Sourgrass (bermuda buttercup)
Winter (2008)
I am born with the season of old
already tugging at my heels.
my father pockets the first petal of my youth
so my mother strips off my fraying roots
with bare hands
she keeps me to bloom.
Spring
my mother cradles me with cracked fingers
& I pull on her hangnails to see
the skin of childhood underneath, raw but vibrant
I know she is still young,
I see that bit of her, left concealed.
Summer
the world wants youth the way tongues want something sweet
it chews at me early, those rotten molars
testing how long sweetness lingers before souring.

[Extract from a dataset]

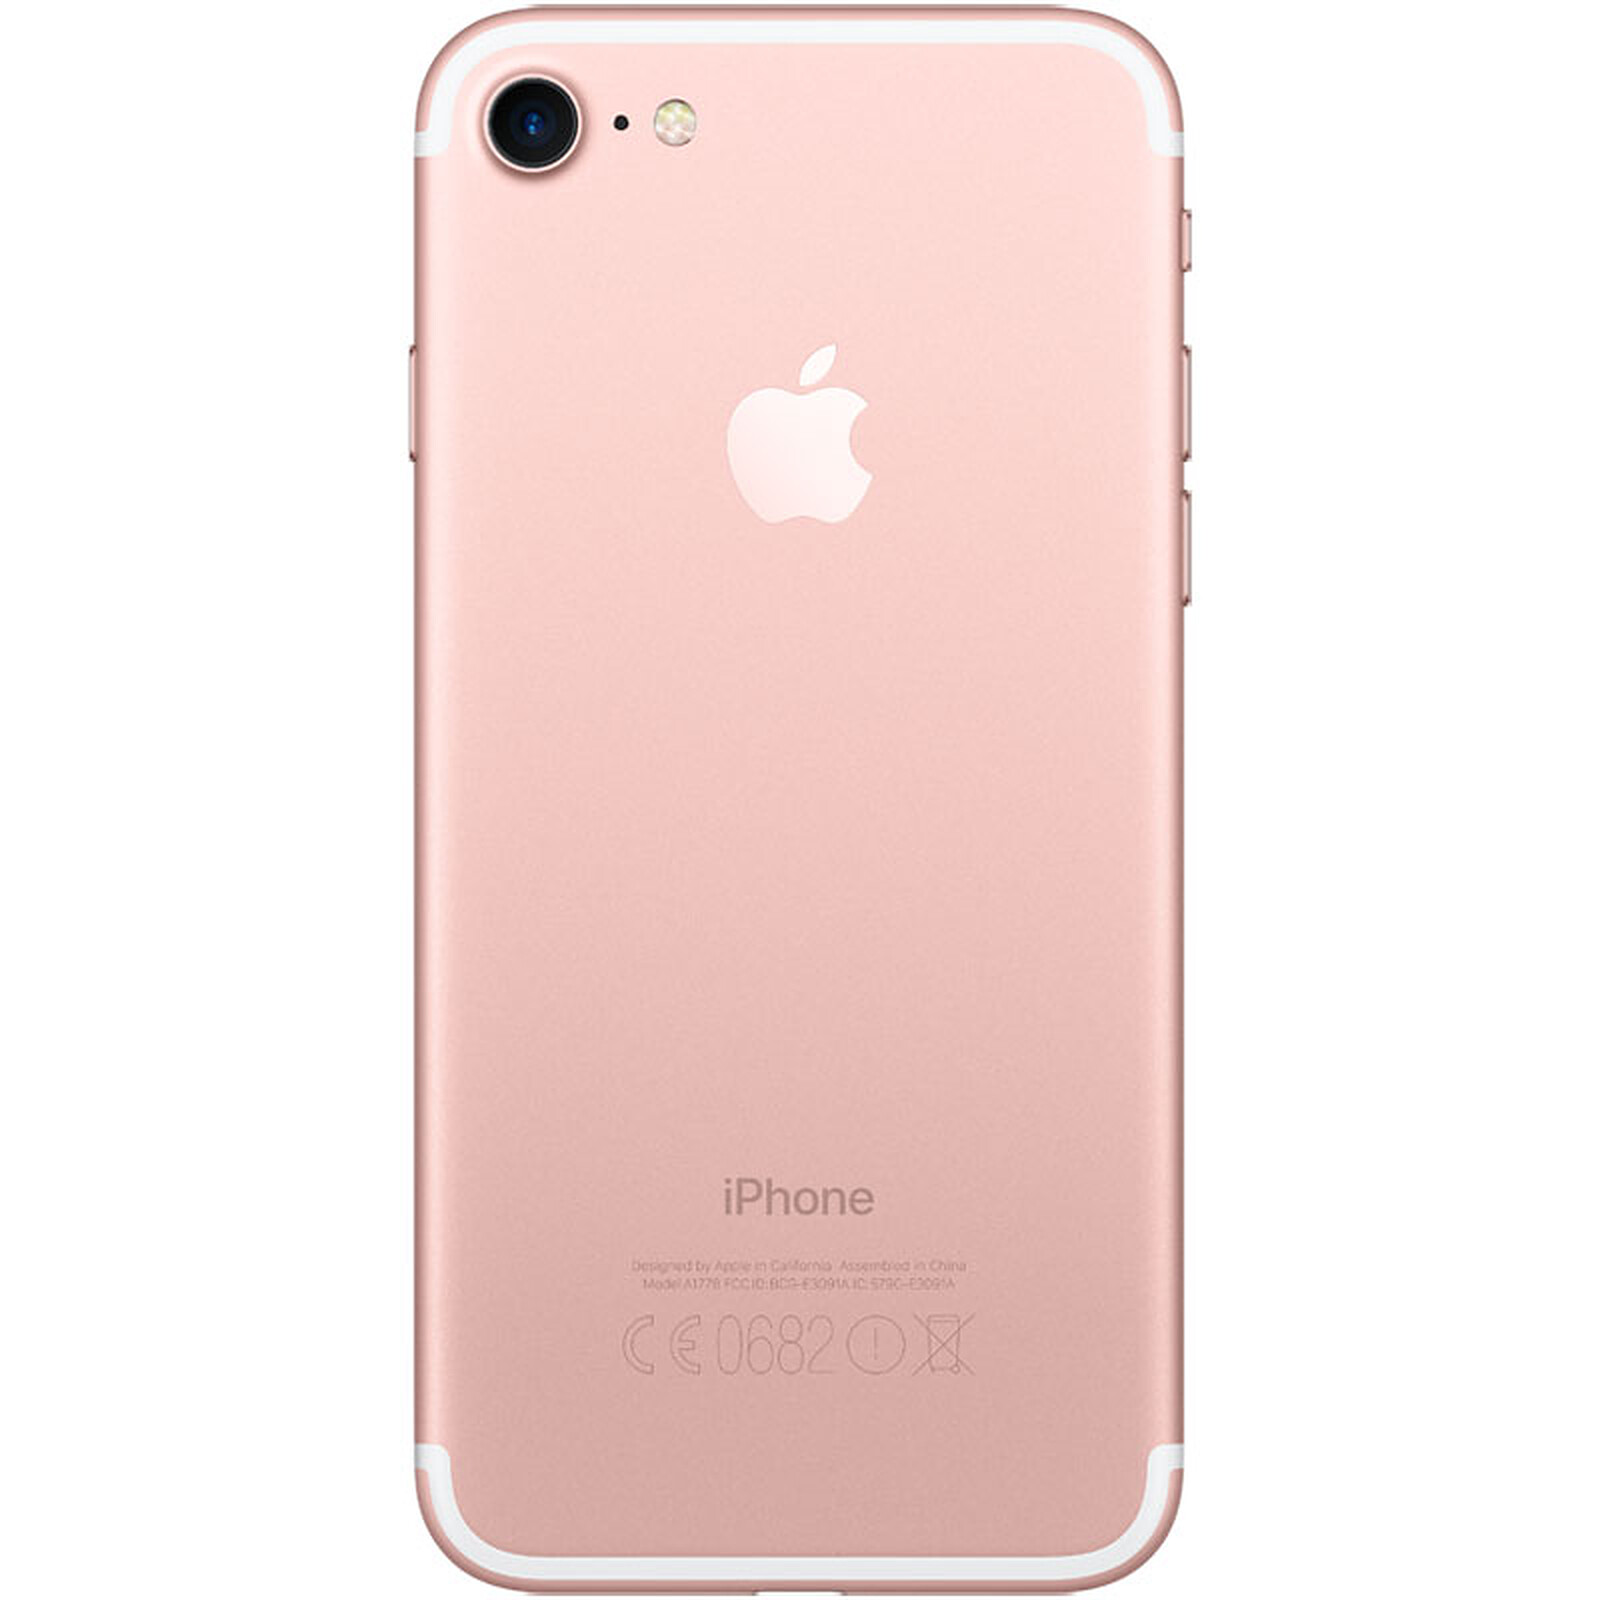 Apple iPhone 7 128 GB Oro Rosa - Móvil y smartphone - LDLC
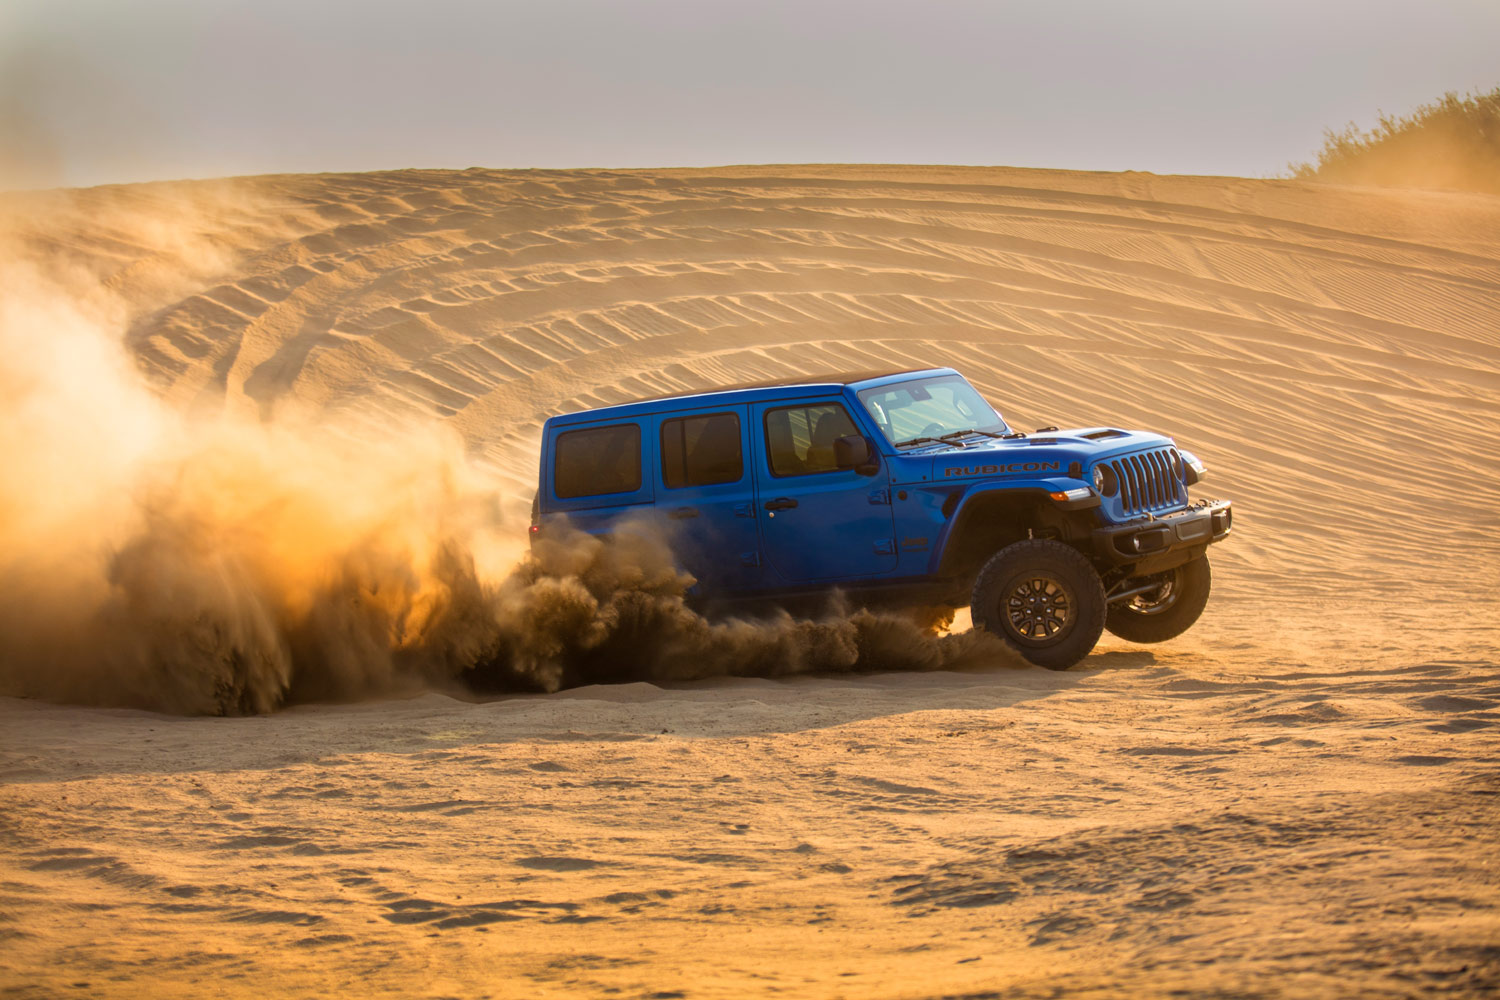 Blue 2022 Jeep Wrangler Rubicon 392 drives in the desert

I feel the heat chewing at my blooming mouth,
my sunburns a warning,
nothing stays tender forever.
my skin begins peeling in yellow, thin, curling strips,
little whirls of ambition & aspiration
some of them stick to me,
most are swallowed by the thieving air.
Fall
by now the world knows my age.
It claws at my knees,
wilting my stature like I’m ripening too fast.
my friends & I talk of seasons passed,
swap stories to see what’s left
after so much has been pruned.
we sift through each other’s words,
pulling out the small, sticky pieces of youth
we’ve hoarded to salvage.
I keep some too,
only because it’s already smeared on my hands
by the time we’re done reminiscing.
Winter (2025)
I learn being young is a measurement of allowance.
youth is not a number
it’s something everyone feels entitled to tear from you-
so when I ask, am I still young?
what I really mean is:
How much of myself have I been permitted to keep?